Exercise aim —
Restate the data below word for word. Leave the images out.

Information shown —
>>>
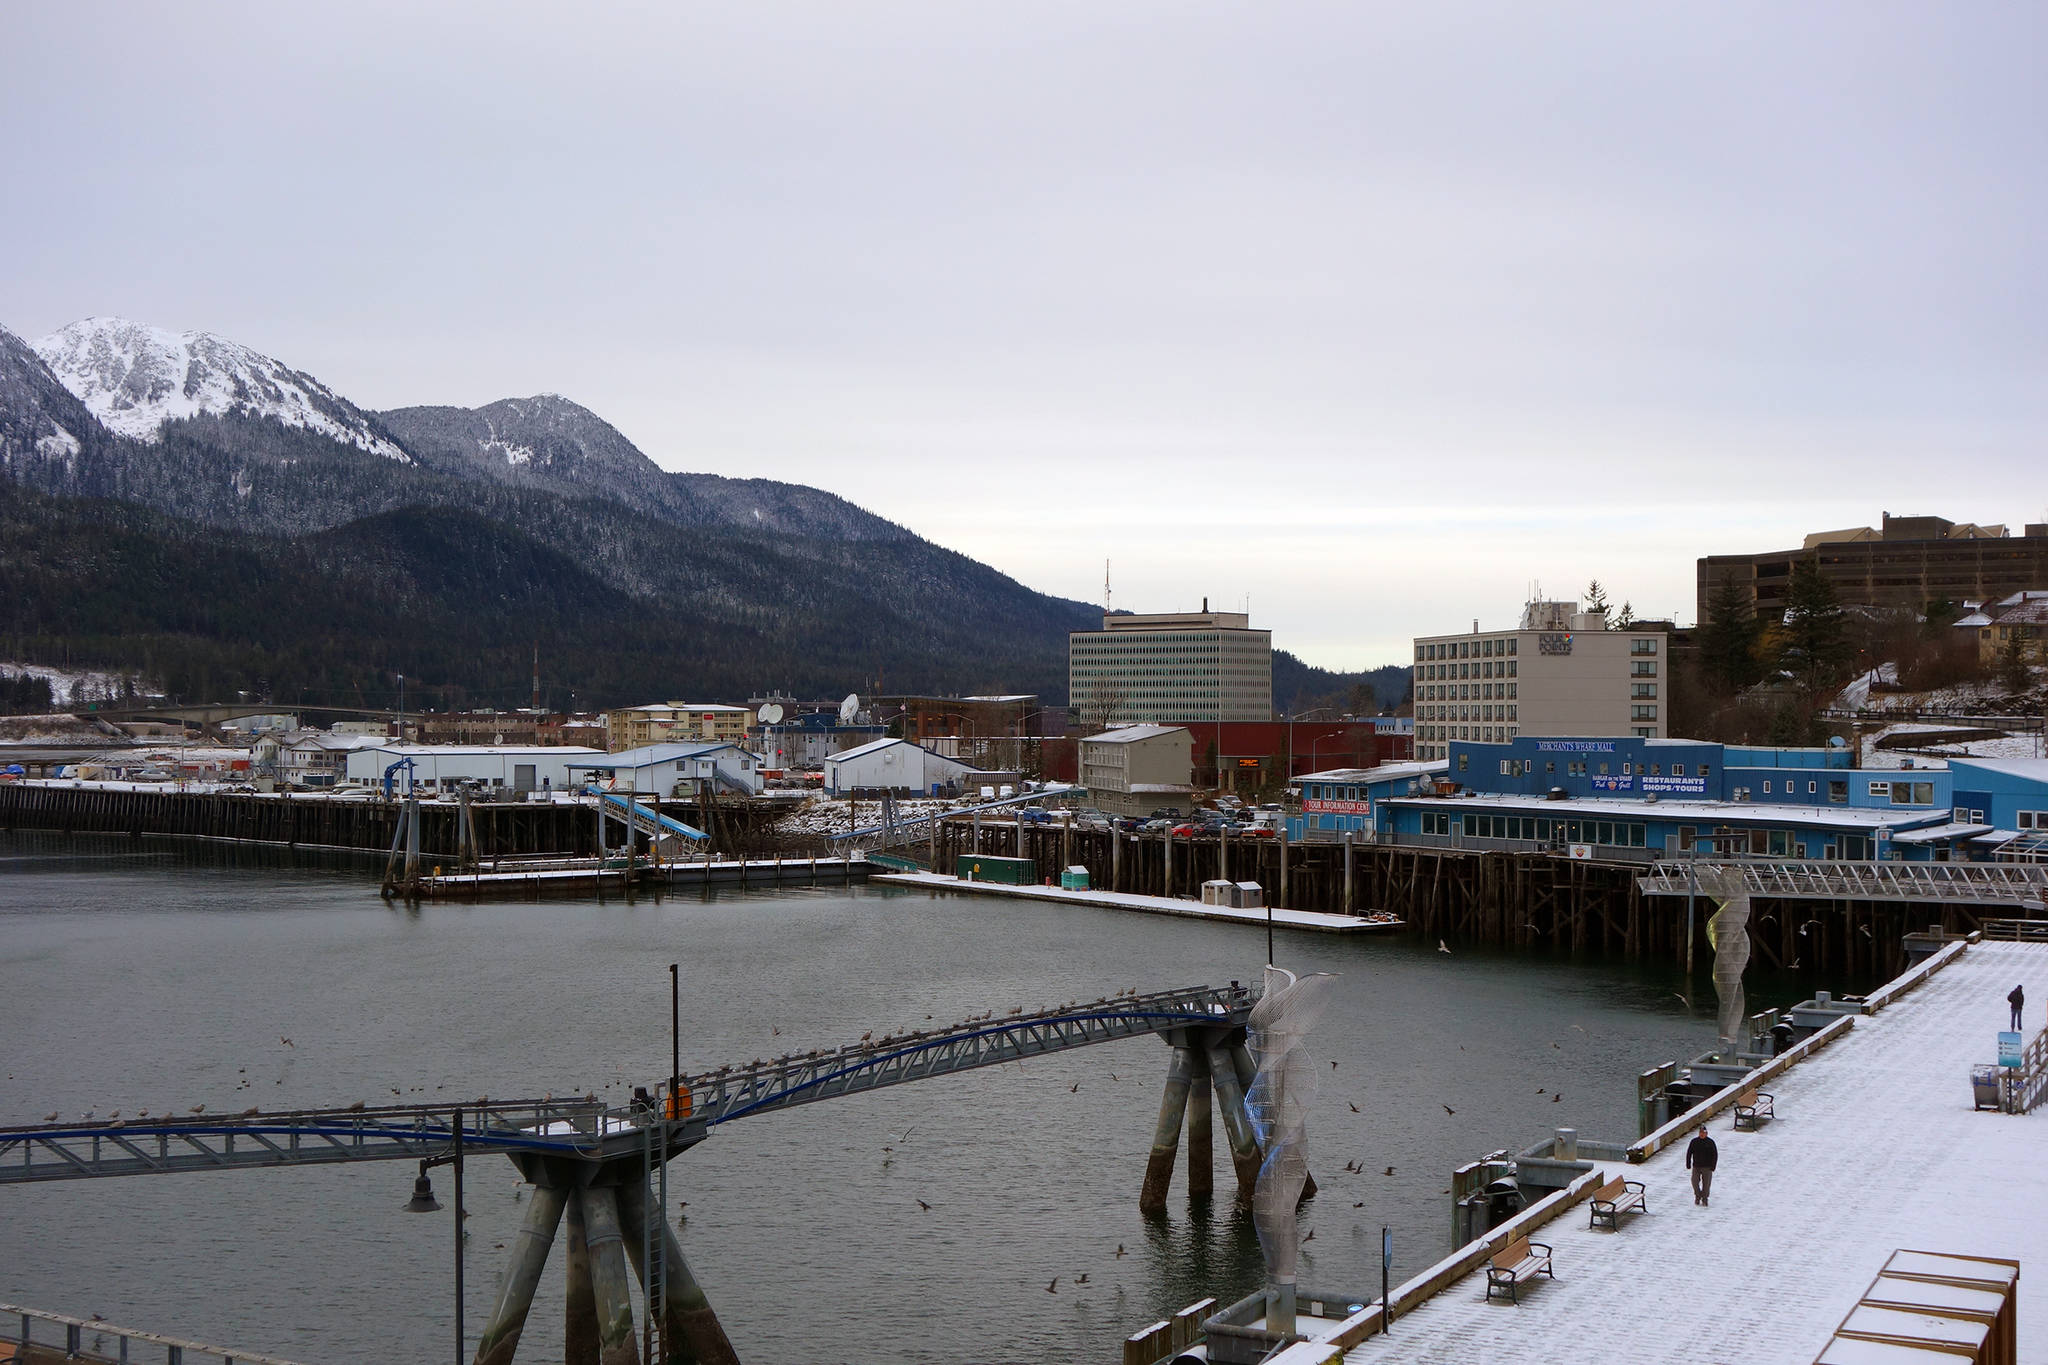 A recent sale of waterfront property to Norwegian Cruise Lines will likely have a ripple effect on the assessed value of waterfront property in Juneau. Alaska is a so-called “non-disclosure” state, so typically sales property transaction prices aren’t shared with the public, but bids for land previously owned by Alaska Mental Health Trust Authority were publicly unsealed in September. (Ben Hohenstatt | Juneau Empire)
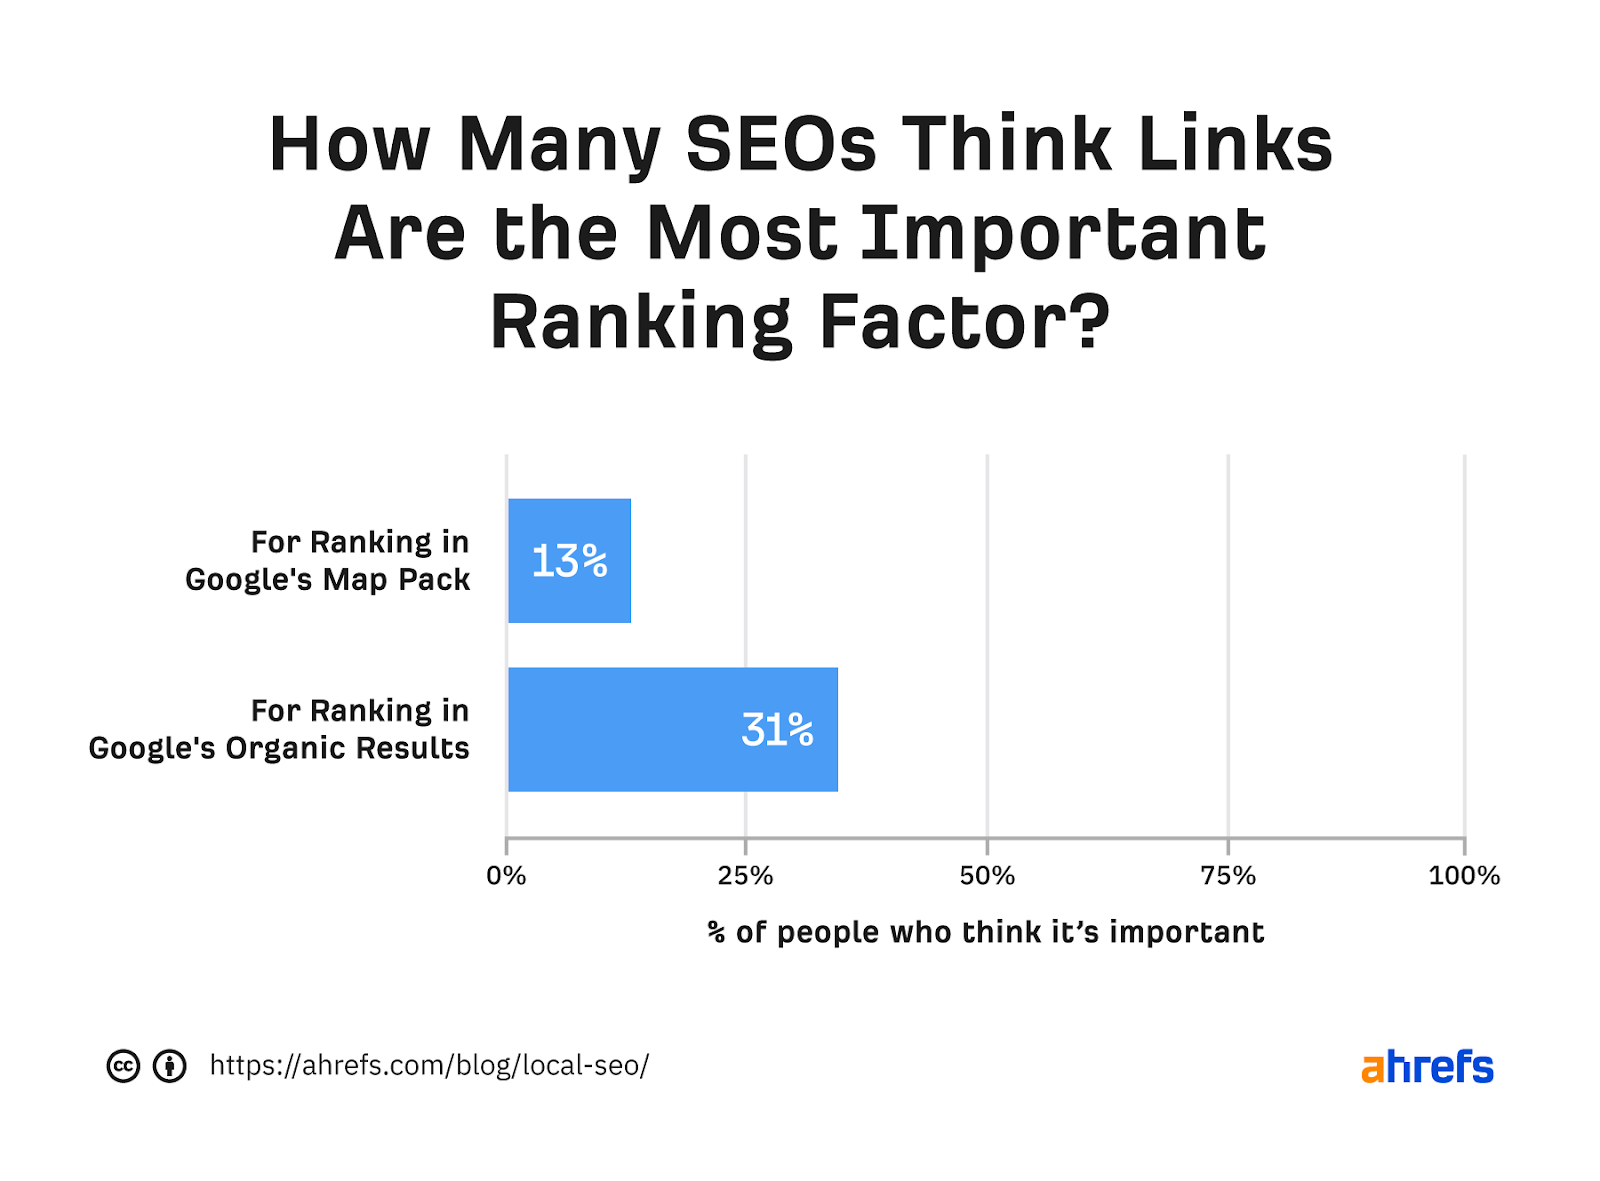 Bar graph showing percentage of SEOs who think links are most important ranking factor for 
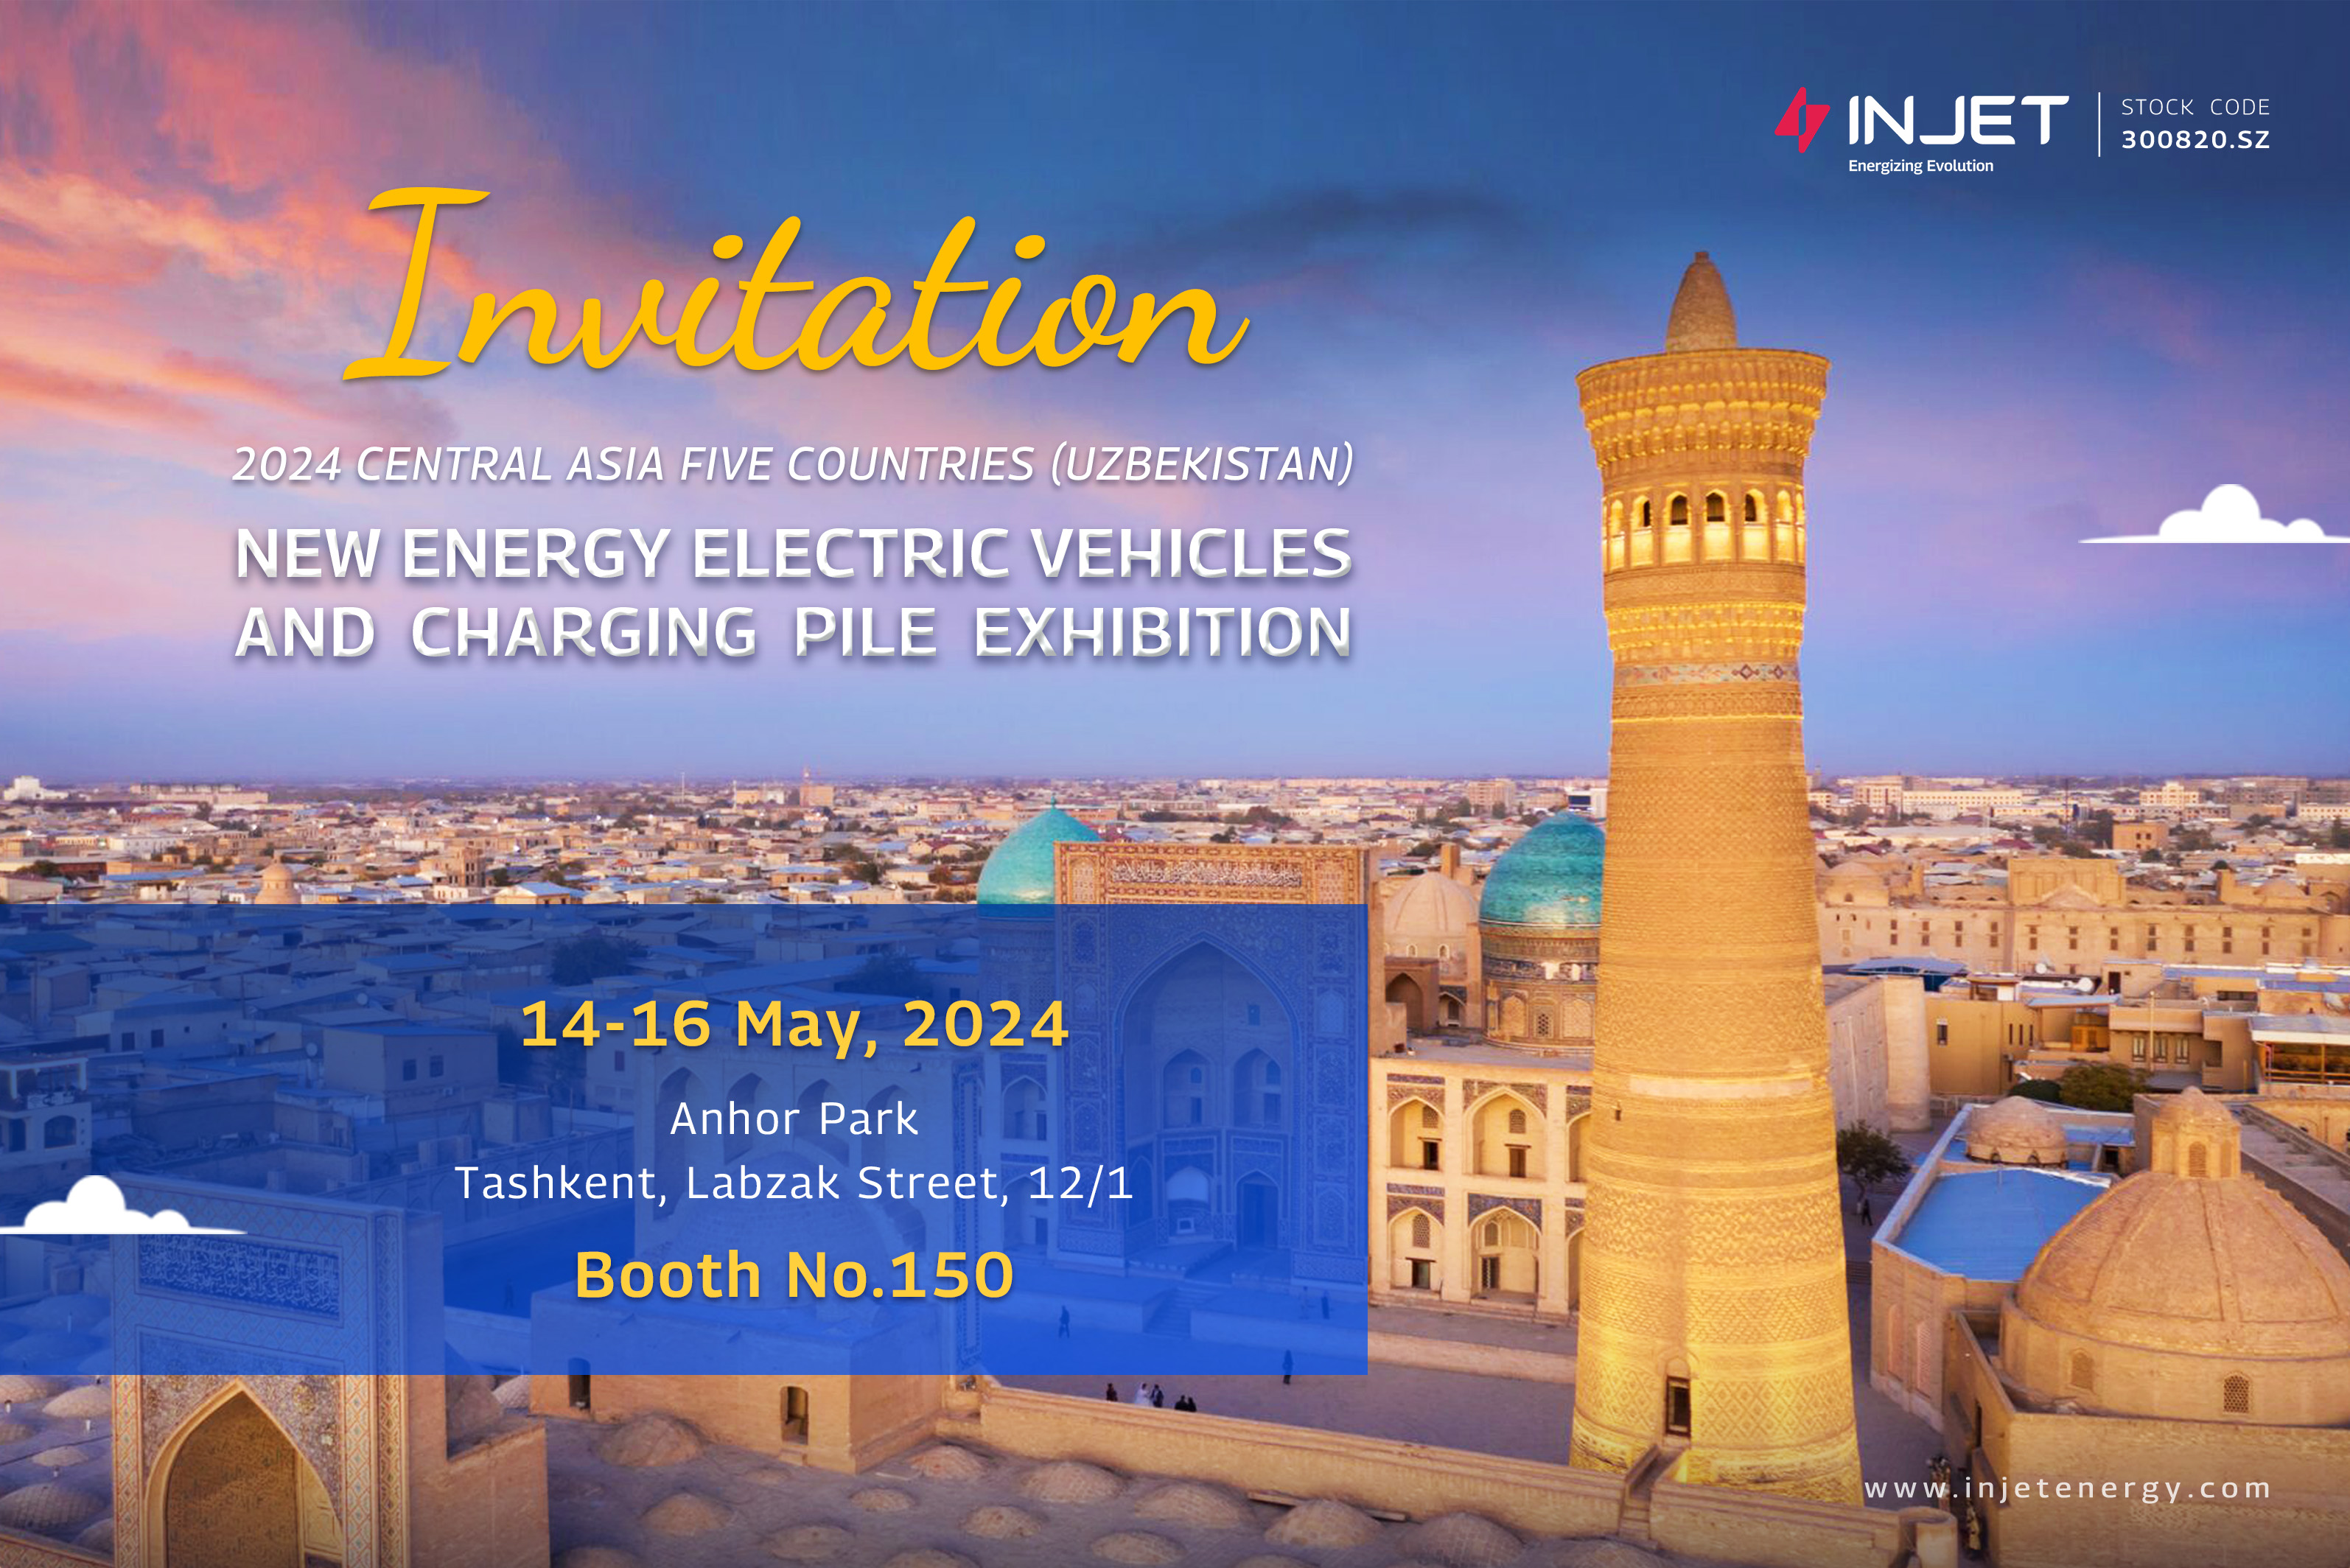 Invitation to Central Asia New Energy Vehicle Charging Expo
<<<
Response to the exercise —
 A recent sale of waterfront property to Norwegian Cruise Lines will likely have a ripple effect on the assessed value of waterfront property in Juneau. Alaska is a so-called “non-disclosure” state, so typically sales property transaction prices aren’t shared with the public, but bids for land previously owned by Alaska Mental Health Trust Authority were publicly unsealed in September. (Ben Hohenstatt | Juneau Empire)
 Bar graph showing percentage of SEOs who think links are most important ranking factor for 
 Invitation to Central Asia New Energy Vehicle Charging Expo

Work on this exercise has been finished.